Prologue
La grosse Mercedes roulait lentement au long de la corniche. Au volant, Igor Lissenkov conduisait d'une main, le coude à la portière, l'autre main négligemment posée sur le haut de la cuisse de sa passagère, une blonde aux grands yeux bleus qu'il venait d'aller chercher à la gare de Rennes.
Il regagnait Saint-Quay-Portrieux par le chemin des écoliers, cette route sinueuse qui longeait la mer, tellement plus agréable que la quatre- voies que l'on prenait quand on était pressé.
Igor Lissenkov n'était pas pressé et si les pneus criaient parfois dans les virages, c'est que la Mercedes était une lourde voiture faite pour l'autoroute et qui s'accommodait mal des fantaisies des chemins bretons. Le Russe venait de croiser un tracteur qu'il avait failli emboutir tant la route était étroite et il se rangea pour laisser passer la moto qui le suivait depuis quelque temps.
Un impatient, qu'il passe! Il lui fit un geste du bras par la portière. Aussitôt le motard se porta à sa hauteur et balança quelque chose par la vitre ouverte. Puis il accéléra brutalement et Igor Lissenkov le vit balancer sa machine dans le virage et disparaître dans un grondement de moteur.
Coincé entre les deux sièges, un gros cylindre rouge dégageait un filet de fumée. Le Russe n'eut pas le temps de voir ce que c'était, l'objet éclata dans un fracas de tonnerre encore amplifié par l'exiguïté de l'habitacle qui se remplit instantanément d'une fumée blanche, âcre et dense.

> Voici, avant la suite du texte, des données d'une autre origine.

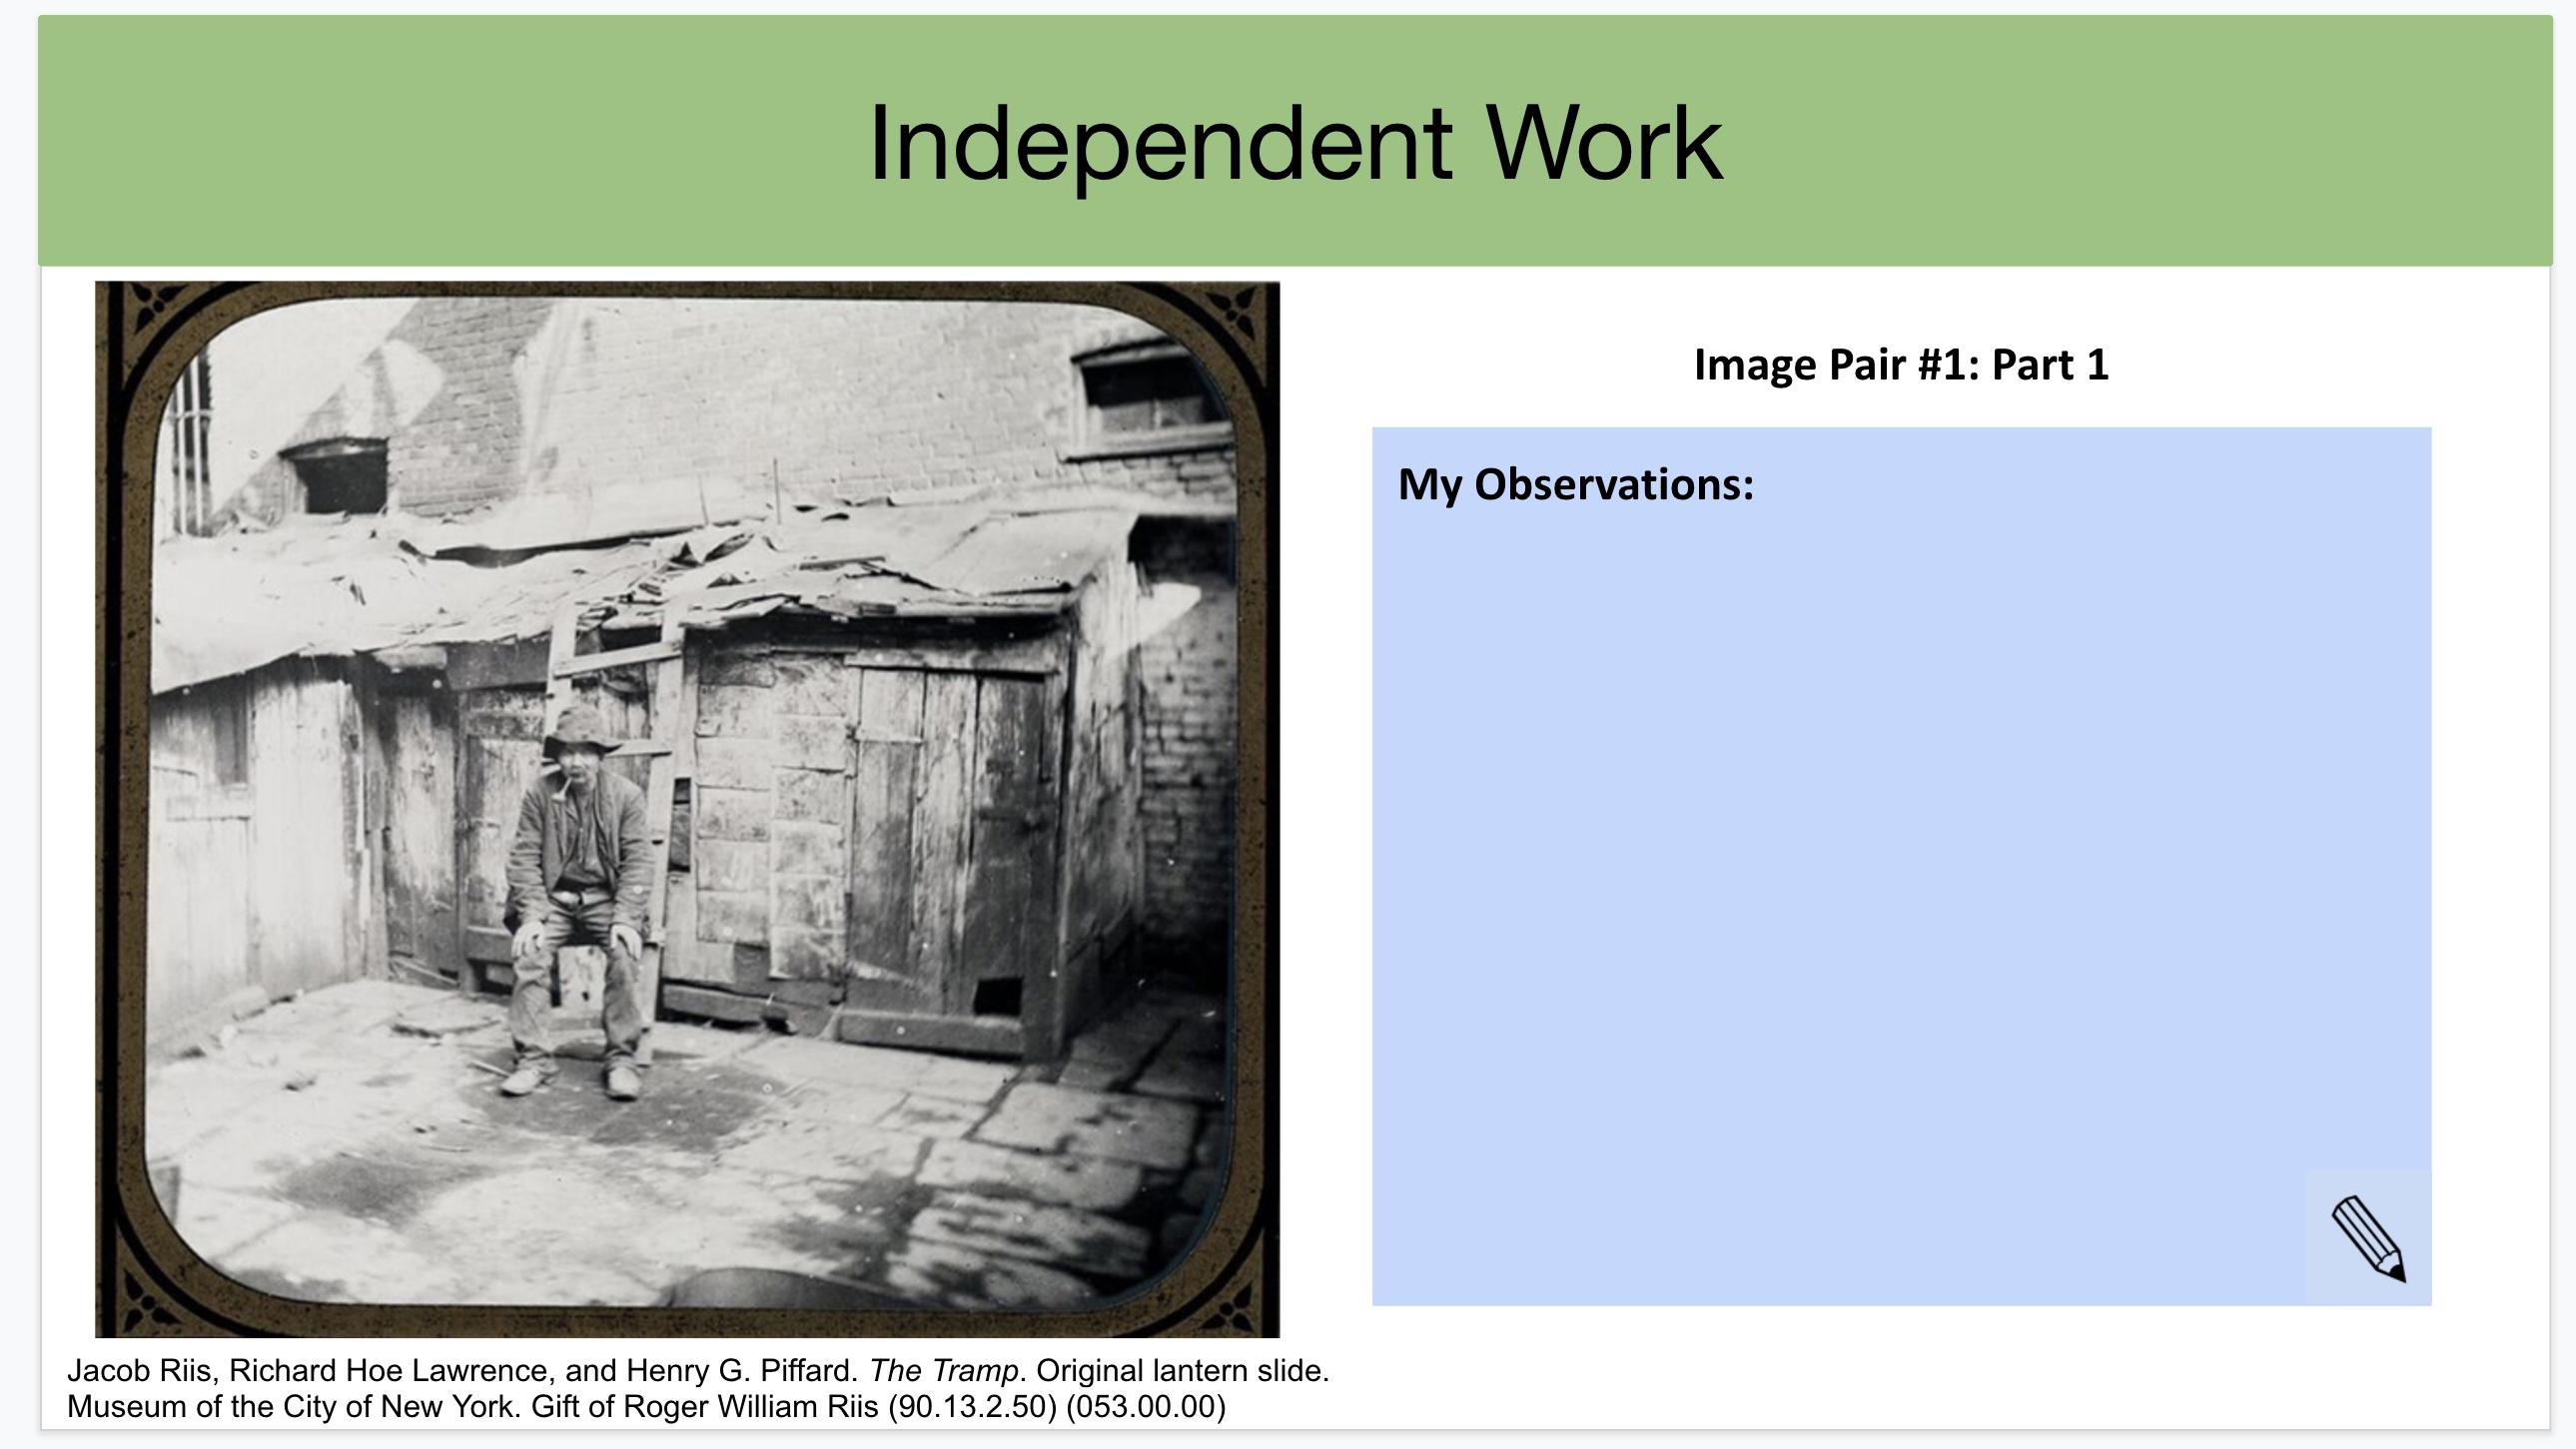 A slide from a lesson on the Progressive Era

Igor Lissenkov ne vit pas le virage venir, il ne voyait plus rien, abasourdi par le bruit, aveuglé par la fumée. La lourde voiture percuta le talus, l'escalada, puis elle bascula dans le ravin, écrasant le roncier sous son poids, rebondissant contre les pommiers sauvages qui avaient poussé sur la pente et s'écrasa sur la grève, une vingtaine de mètres en contrebas.
Elle resta un moment sur le sable, les roues en l'air, tournant encore, puis elle s'embrasa et une sourde explosion ébranla le matin calme lorsque le réservoir fut atteint par les flammes.
Là-haut, sur la falaise, le tracteur qu'elle venait de croiser s'était immobilisé. Le paysan en descendit, traversa la route, vit la colonne de fumée noire qui montait dans le ciel et dit en poussant sa casquette sur l'arrière de son crâne :
– Avaient-ils besoin d'aller si vite sur cette maudite route?